Jub Jub victim’s sister wants to move on with her life

FILE PICTURE: Molemo “Jub Jub” Maarohanye. Picture: Refilwe Modise

FILE PICTURE: Molemo “Jub Jub” Maarohanye. Picture: Refilwe Modise

She says the family is still living with the emotional scars, though they want to put it behind them.

Molemo “Jub Jub” Maarohanye must move on and enjoy his life.

This was the reaction of a family member of one of the four children who were killed when the musician and his friend, Themba Tshabalala, crashed their cars into a group of schoolchildren in 2010.

Hours after hearing the news that, after four years in prison, the men responsible for her brother’s death were released on parole, 26-year-old Nomagugu Mohobe told The Citizen their family just wanted to move on with their lives. But their mother, Jeanette, is still living with the emotional scars.
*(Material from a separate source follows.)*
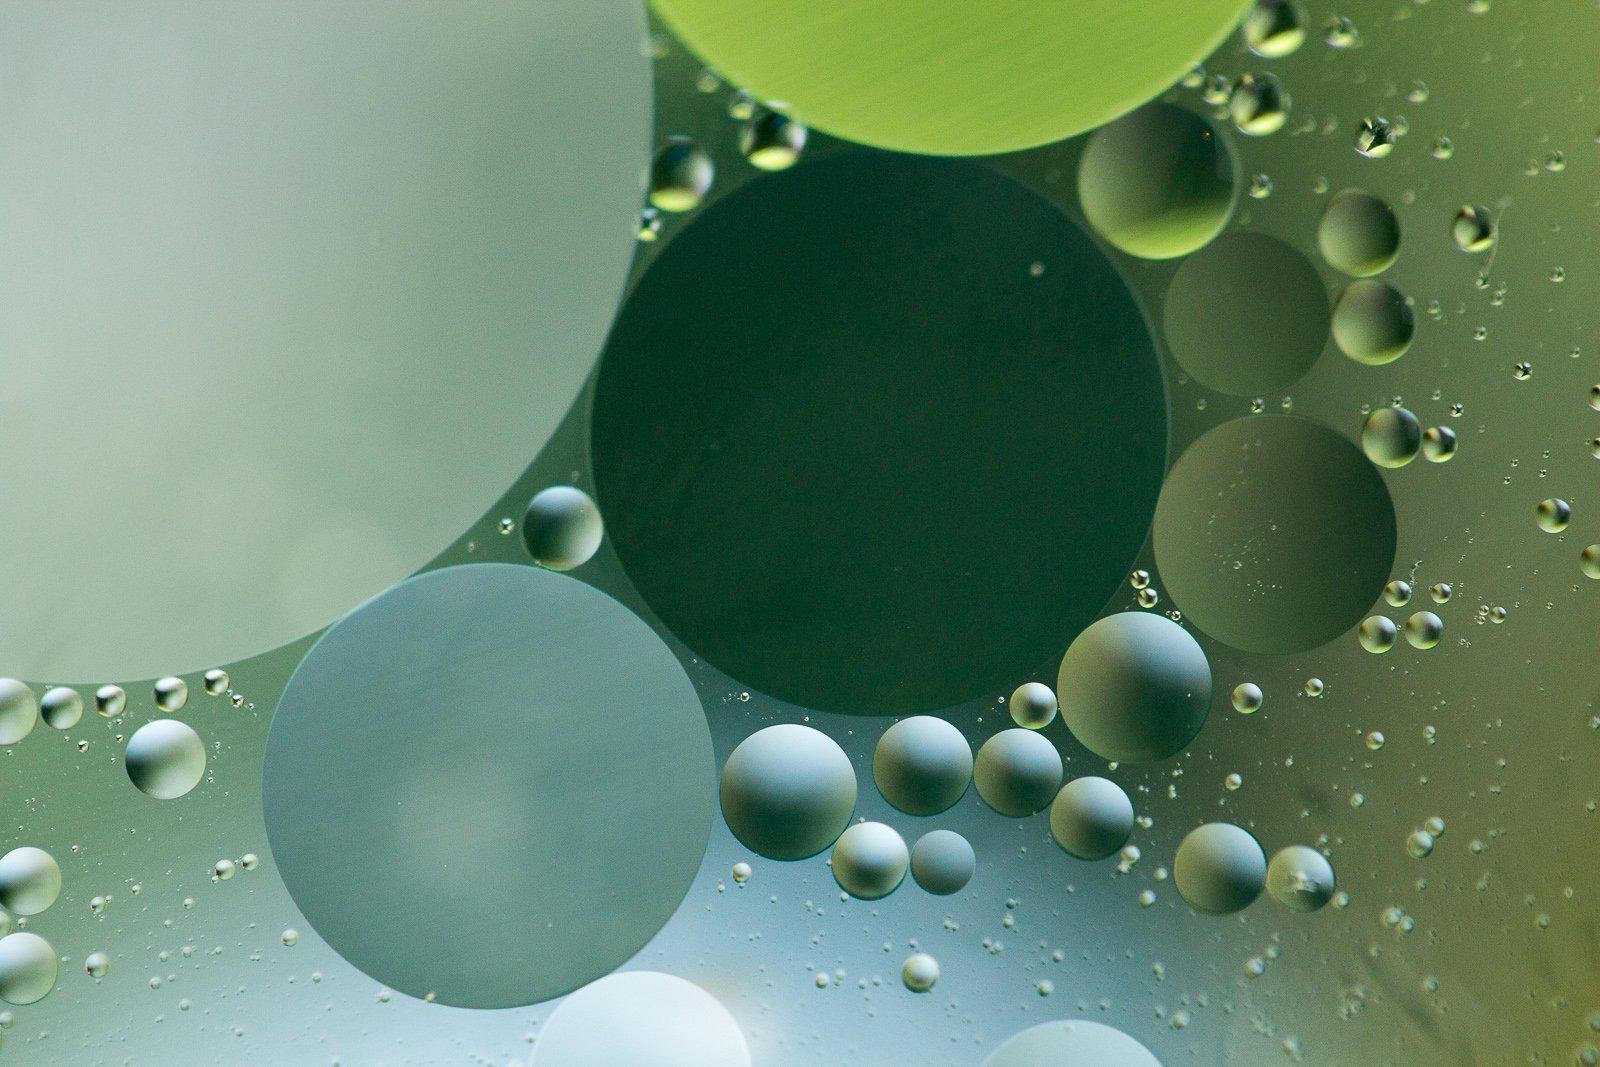 Alg. 3 Olie Druppels 03

“(In Zulu) Our mother is not well. She has been ill because of this since 2010, but it’s fine; he (Maarohanye) must get out and enjoy life, it doesn’t matter whether it’s right or wrong; it’s fine. There is nothing we can say or do about it … except to move on.”

The two men were found guilty of murder in 2012, and were initially each sentenced to 20 years in prison. Their sentences were reduced to eight years after the murder conviction ruling was overturned to culpable homicide in 2014.

ALSO READ: Jub Jub to release an ‘I’m sorry’ song 

Maarohanye’s father, Sydney, was not at his Soweto butchery yesterday morning, but the workers at the establishment were jovial and dancing to one of the musician’s biggest hits, the South African Music Award-winning Ndikhokhele.

One of the workers told The Citizen she had been working for the family for nine years and said she was happy he was finally out of prison.

The department of justice and correctional service’s statement about the pair’s release states that both parolees, classified as first-time offenders with a positive support system, were placed on parole in line with section 73 of the Correctional Services Act.

“To this date, each parolee has served four years, one month and one day behind bars. They participated in relevant correctional programmes and were further assessed by our special services experts, which, among others, include social workers and phycologists to determine their suitability for parole placement.”

The department’s spokesperson, Singabakho Nxumalo, said their specific parole conditions would not be made public.